# Misused Phrases



## HiDesertHal (Jun 11, 2017)

Too many people say "I could care less!" when they really mean  I "COULDN'T" care less. 

See the difference?

When you say "I could care less.", it literally means that you're NOT caring as little as you possibly could, and you COULD possibly care
 even less then you do now.

But when you say "I couldn't care less", that means that you're at the *lowest possible level of caring!
*
Do you find this explanation interesting or couldn't you care less?

HiDesertHal


----------



## Granny B. (Jun 11, 2017)

Here's a word that people often misuse:  irregardless vs. regardless.  Regardless already means without regard.  When you add "ir" to the beginning you're making a double negative.  Regardless is correct. 

Here's a phrase:  I made a 360 degree change in my life.  360 degrees is a full circle, so you are really back where you started.  It should be 180 degree change, which would be the opposite direction.
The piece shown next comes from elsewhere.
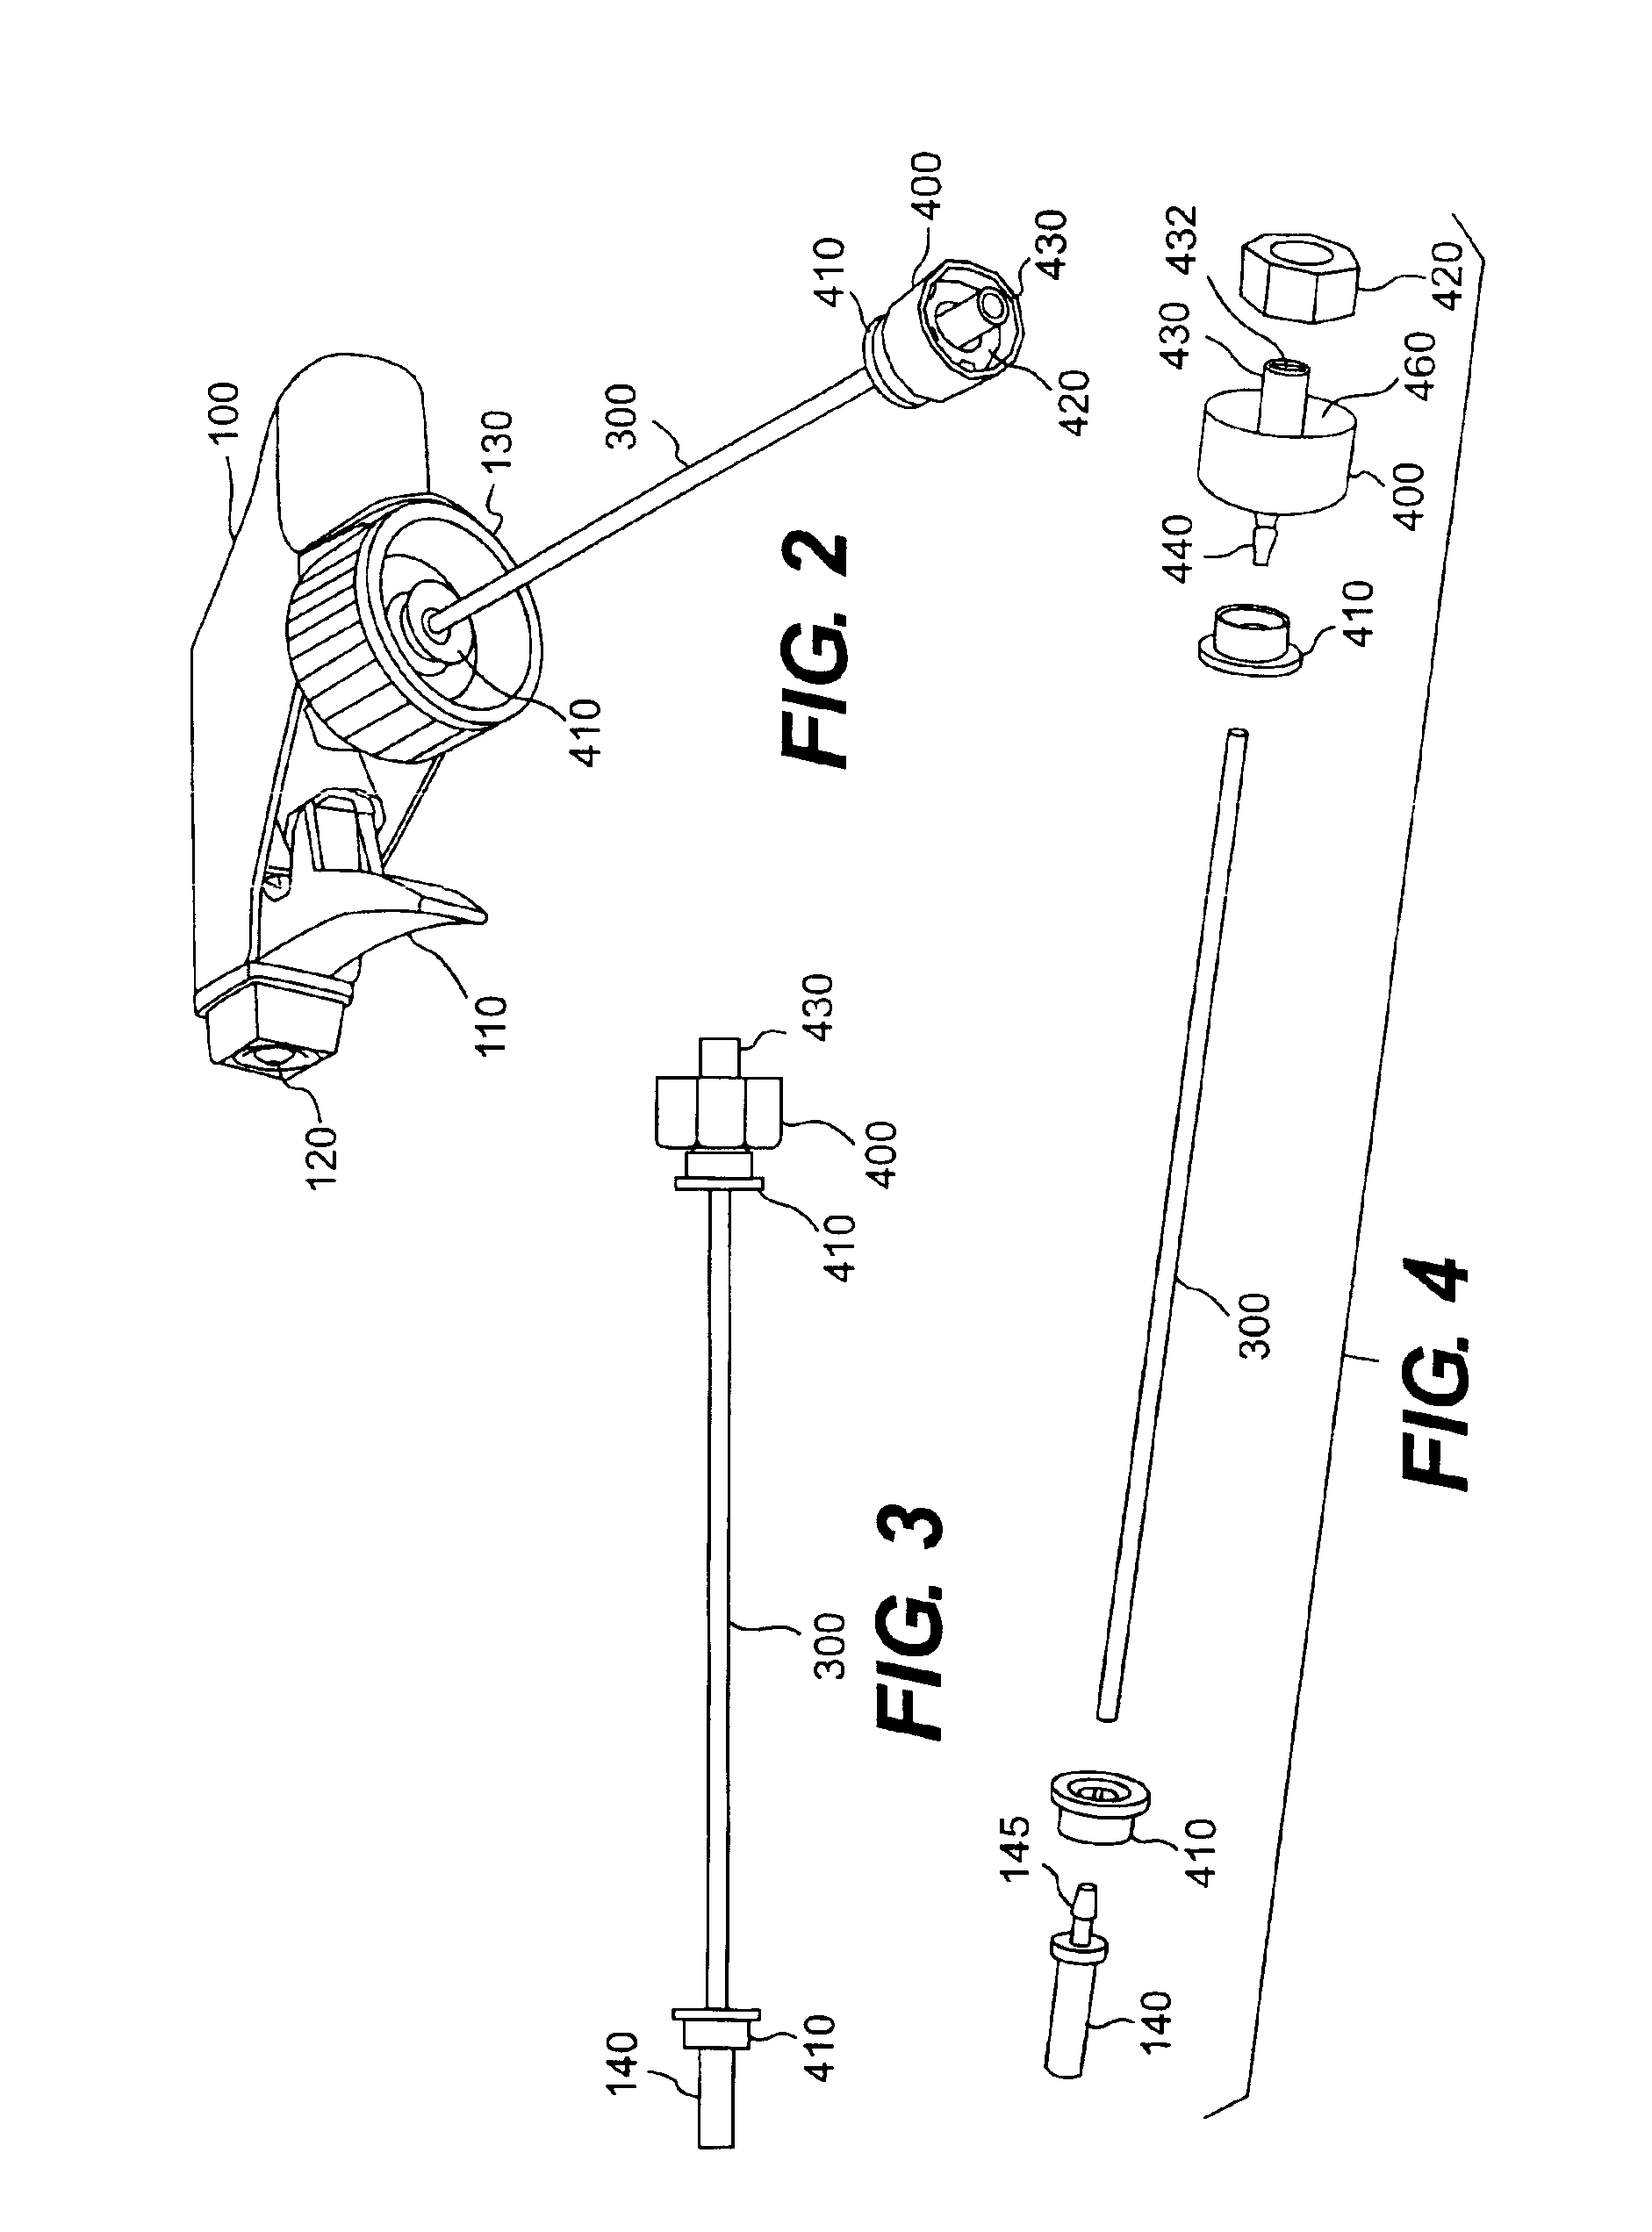 Flexible supply tube with weighting mechanism for use in spray bottles

And a funny one:  When my brother was little, he would say "chicken doodle soup."


----------



## HazyDavey (Jun 11, 2017)

Shouldn't a near miss.. really be a crash?  (George Carlin)


----------



## Camper6 (Jun 11, 2017)

HiDesertHal said:


> Too many people say "I could care less!" when they really mean  I "COULDN'T" care less.
> 
> See the difference?
> 
> ...



If you say I could care less means that you care a little bit but you could care less than that little bit with a little bit more less effort.?


----------



## Loosey (Jun 12, 2017)

I am annoyed with the common misuse of the phrase "beg the question."  It seems more and more people use it to mean something like "compels the question to be asked," while traditionally it means "assumes the question has been answered."  Of course, definition is determined by usage, so before long it _will _​mean compels the question to be asked.


----------